The head-on-a-table illusion is really hard to pull off. Because I couldn't find 2 used mirrors reasonably close in size, I had to build a rectangular table, which isn't an entirely convincing illusion if it's not square. Plus, the table is really heavy! Even so, the table got some great reactions from the kids.

We should have had Enter/Exit signs up. We had some people trying to go through the garage, which was the exit.

My niece was our guide, an idea i'm going to dispense with this year. We periodically had large groups waiting for her to guide them, and the groups were too large. I think self-guided is better, but with people at various stations to control the traffic flow. 

My FCG broke!! We were running the ghost a lot the nights prior to Halloween and it was running fine. Then, on Halloween, my strings broke.
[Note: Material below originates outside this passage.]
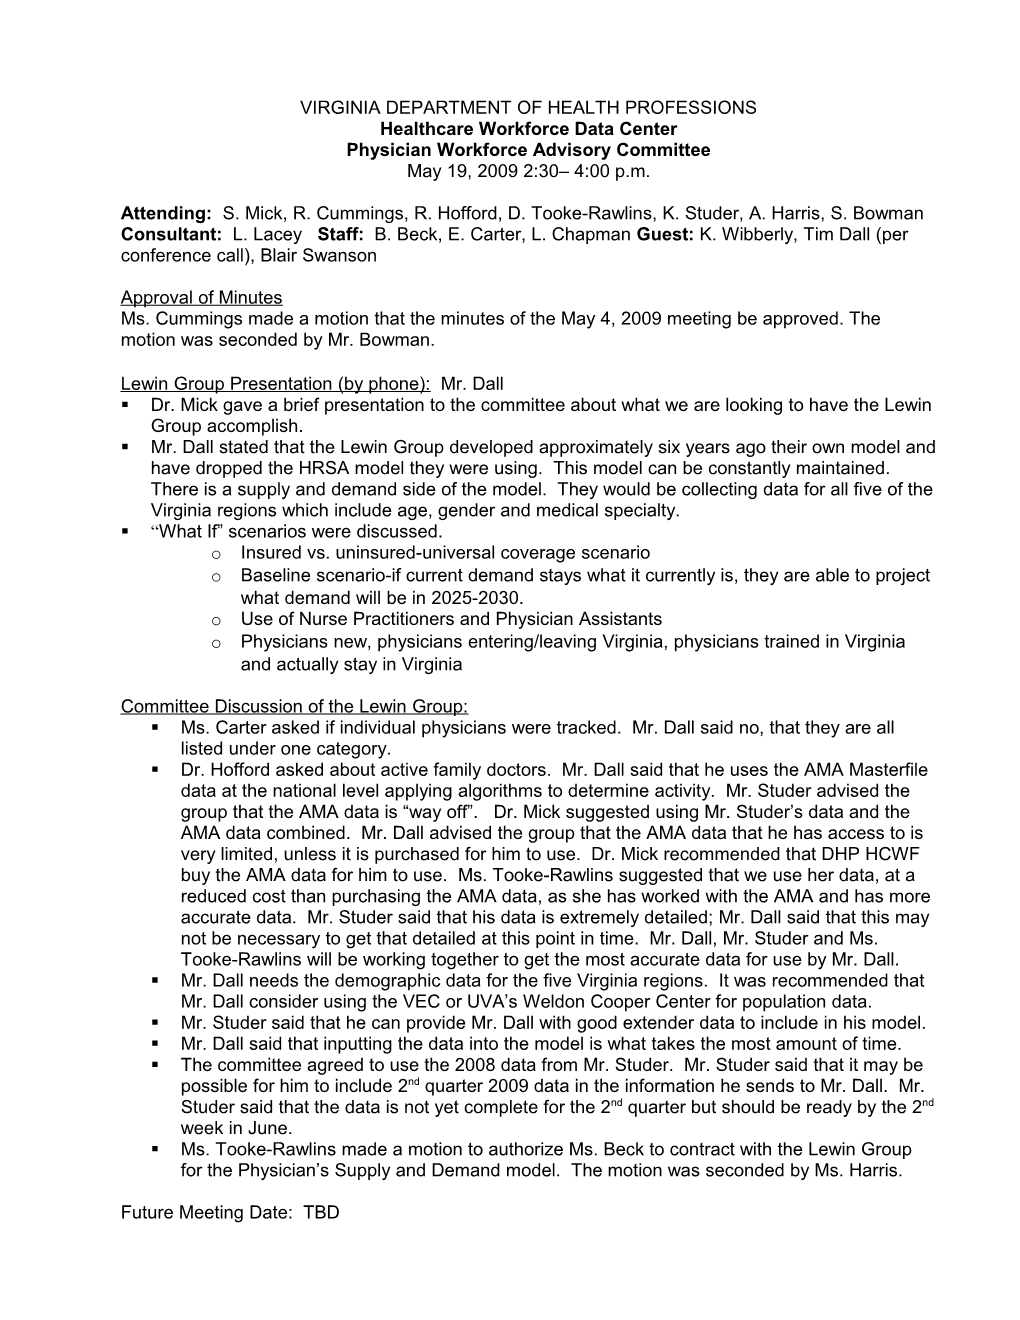 Workforce Advisory Committee Minutes 5-19-2009

I didn't put in eye-screws to guide the twine; so they finally broke on Halloween and my marionette is all twisted up. 

I need someone at my place who's really good at make-up. I just don't have the patience for it, especially on Halloween when time's so short. 

With no one manning the fog machines, I think they ran out of juice pretty fast. We really needed 1 person to walk around and monitor all the moving parts.

What did work?

I think we had 100 ToTs, but it looked like some were repeats, bringing other relatives through. We were busy!

Our best illusion was our dot room, which was in the garage. I used safety pins to secure WalMart black sheets from 6'6" high PVC walls in a 10x10 "room". I also painted the floor in this section black, and hung a 3' blacklight from the ceiling. And, I used neon yardsale stickers from WalMart on the floor, walls, and my friend's black costume. He was covered head-to-toe and was literally invisible. The effect was fantastic. I don't think you need a ceiling that's been dotted up for this to work; the dot room was open from the 6'6" to the 8' ceiling and, even so, it worked great. 

I know lots of folks use neon fabric paint instead of stickers, to save effort for the next year. I tried the paint, but the effect was poor compared to the stickers. The stickers looked like they were floating above the fabric walls; they were really vibrant. The paint was muted and dull.

A really neat effect that I threw together at the last minute was using a projector inside my car on our driveway to display trailers from classic Universal films (Dracula, Frankenstein, etc) on our garage door. I also stuck a homemade skeleton inside the car, in the driver's seat, wearing a suit from Goodwill. 

This year: I want to better utilize an arbor in our backyard. It would be a great "stage". It's got a grey flat-rock floor and 6 6" wood posts that stand around 8' tall. The arbor is 32' x 12'. So, in between each post is a gap of either 12' or 16', depending on which side of the rectangle you're looking at.

I could create some kind of walls and set them up a couple of weeks early, to save time on the big day; I want something that's wind & rain resistant, and really cheap.

So, I'm thinking pallets are my best bet, but I'm not entirely sure how to arrange a frame that can be secured against the arbor posts, is relatively easy to store, can be built & assembled quickly, is safe in case of bumping or falls, and isn't too heavy. If I can pull this off, I bet that my arbor could be split into 3 or 4 "rooms".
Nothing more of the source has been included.